This is the head of the New York Federal Reserve Bank, the most powerful of the Fed branches. And he is wrong. He fails to comprehend, because he is a Keynesian hujuboojoo advocate, the simple lesson of Bastiat’s “Broken Window Fallacy.”
Storm destruction doesn’t expand the economy. Storms destroy capital. Building structures back just replaces what has been lost. The capital deployed to rebuild could have been directed elsewhere if there was no storm. So in other words we would have a completely intact Miami plus the capital with no storm. Versus a destroyed Miami that sucks in a bunch of capital.
This is the friggin president of the New York Fed. No wonder things are the way they are and why so many continue to struggle post 2008 Crash.

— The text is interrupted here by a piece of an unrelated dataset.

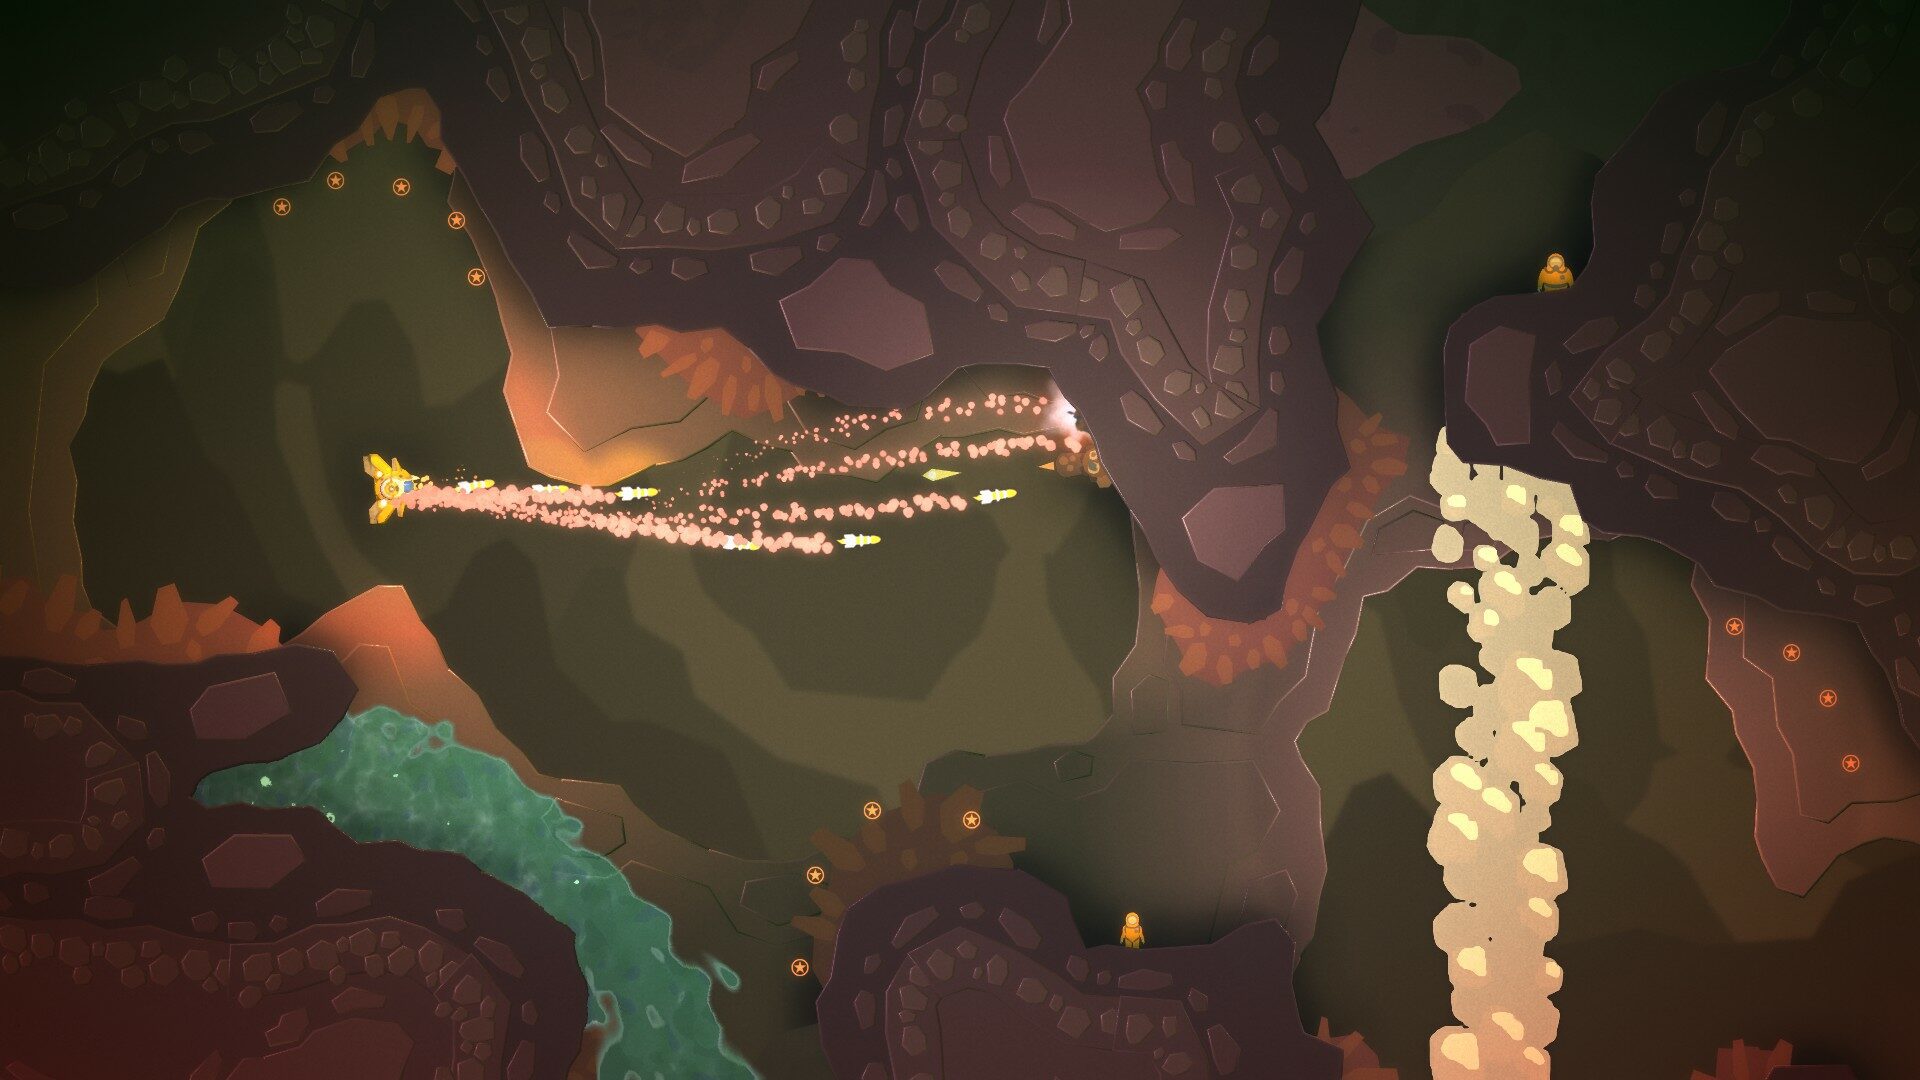 Missed Out On PixelJunk Shooter Ultimate Because It Wasn’t On PC? Help Is On The Way!

Hurricanes Harvey and Irma actually will lead to increased economic activity over the long run, New York Fed President William Dudley said in an interview.
Speaking just as Irma is about to start battering Florida as a Category 4 storm, Dudley said the initial impact in both human and economic costs will be harmful. But in the long run, economies tend to snap back from such major events.
“Those effects tend to be pretty transitory,” Dudley said in a live interview with CNBC. “The long-run effect of these disasters unfortunately is it actually lifts economic activity because you have to rebuild all the things that have been damaged by the storms.”